2017-01-30 Thread Peter Geoghegan
On Mon, Jan 30, 2017 at 10:01 AM, Peter Geoghegan  wrote:
> Let me take another look at this later today before proceeding. I want
> to run it against a custom test suite I've developed.

I've done so. Some more thoughts:

* I don't think that this is really any less efficient than my patch.
It's just that the write of a block happens within ltsWriteBlock()
automatically, rather than being an explicit thing that comes at the
tail-end of a run. This is more general, but otherwise very similar.
The downside is that it will work when something that we might want to
break happens, but I do concede that that's worth it.

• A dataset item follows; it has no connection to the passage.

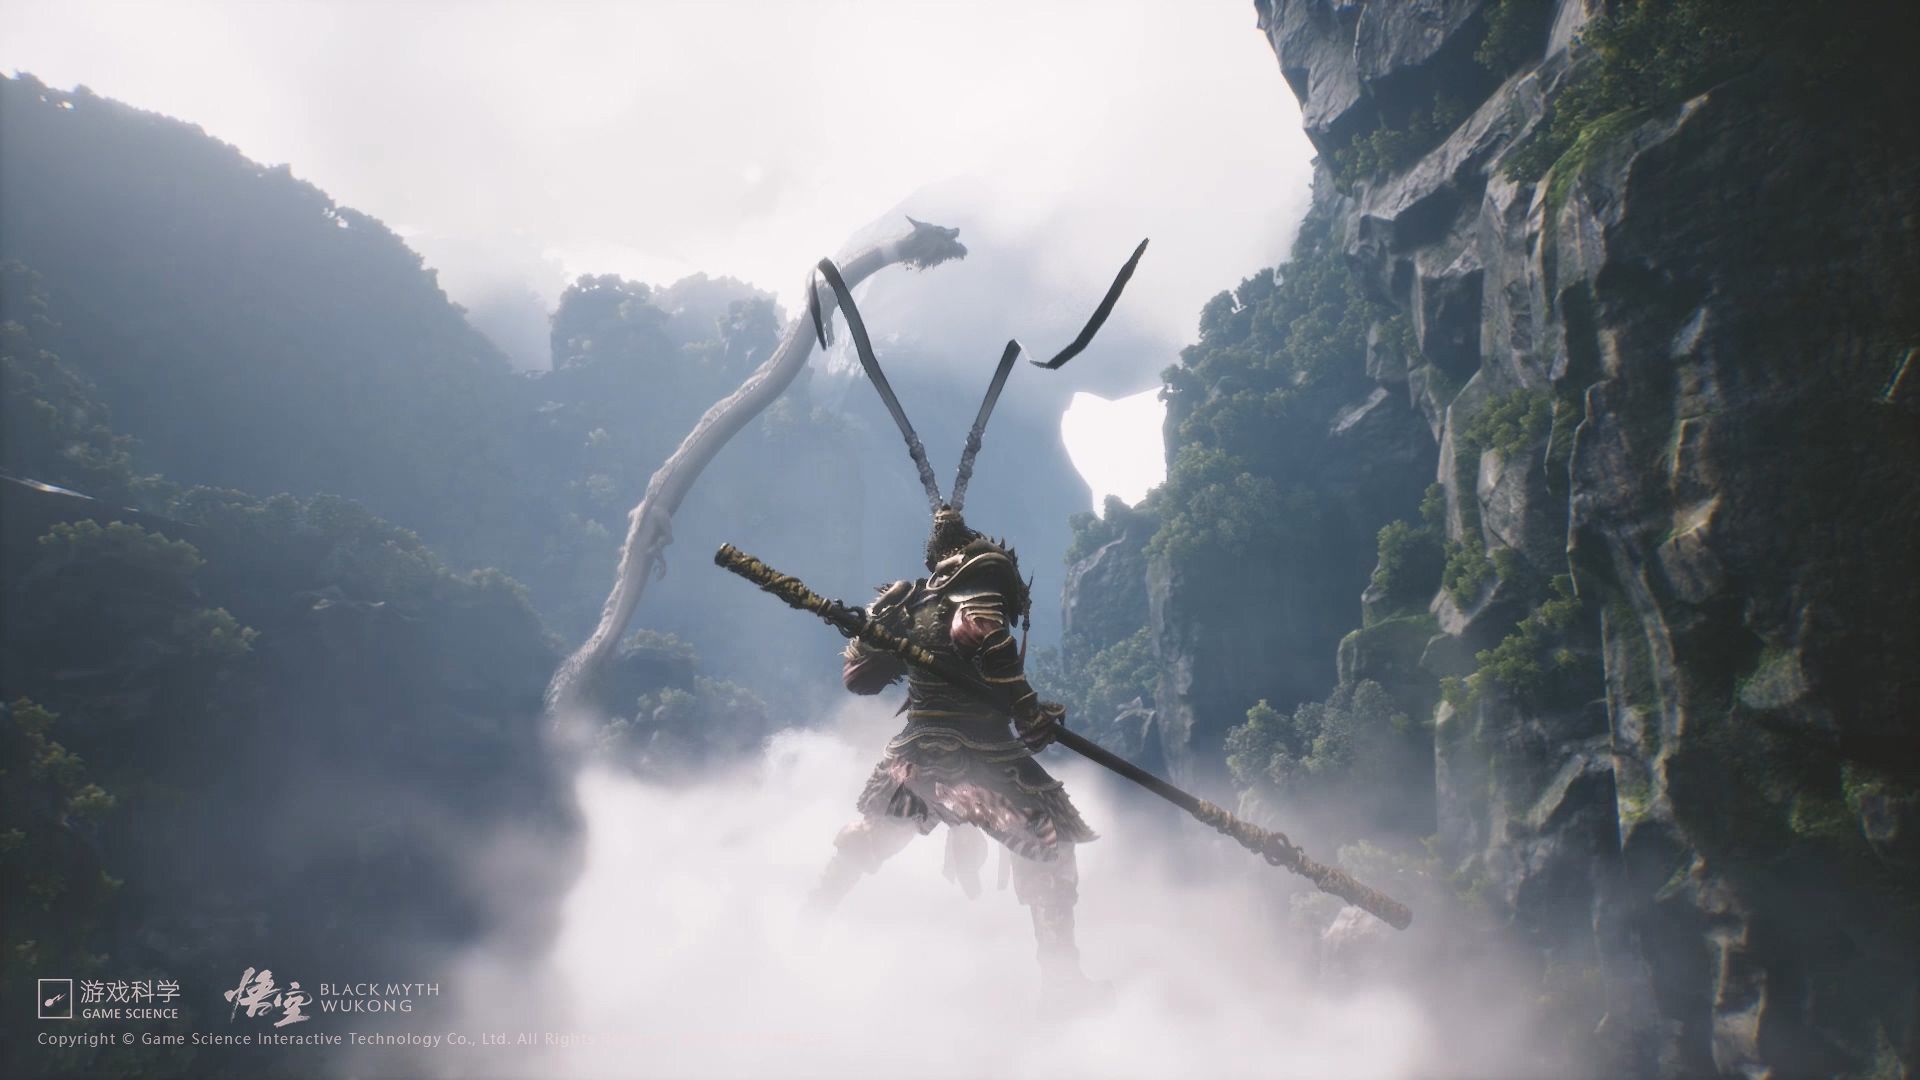 #Das imposante Black Myth: Wukong meldet sich mit einem amüsanten Kurzfilm zurück

* If you're writing out any old bit pattern, I suggest using 0x7F
bytes rather than nul bytes (I do agree that it does seem worth making
this some particular bit pattern, so as to not have to bother with
Valgrind suppressions and so on). That pattern immediately gives you a
hint on where to look for more information when there is a problem. To
me, it suggests "this is something weird". We don't want this to
happen very often.

* I think that the name lts->nBlocksAllocated works better than
lts->nBlocksReserved. After all, you are still writing stuff out in a
way that respects BufFile limitations around holes, and still
reporting that to the user via trace_sort as the number of blocks
actually written.

* I think that you should put the new code into a new function, called
ltsAllocBlocksUntil(), or similar -- this can do the BufFileWrite()
stuff itself, with a suitable custom defensive elog(ERROR) message.
That way, the only new branch needed in ltsWriteBlock() is "if
(blocknum > lts->nBlocksWritten)" (maybe use unlikely() too?), and you
can make it clear that ltsAllocBlocksUntil() is a rarely needed thing,
which seems appropriate.

We really don't want ltsAllocBlocksUntil() logic to be called very
often, and certainly not to write more than 1 or 2 blocks at a time
(no more than 1 with current usage). After all, that would mean
writing to the same position twice or more, for no reason at all.
Maybe note in comments that it's only called at the end of a run in
practice, or something to that effect. Keeping writes sequential is
very important, to keep logtape block reclamation effective.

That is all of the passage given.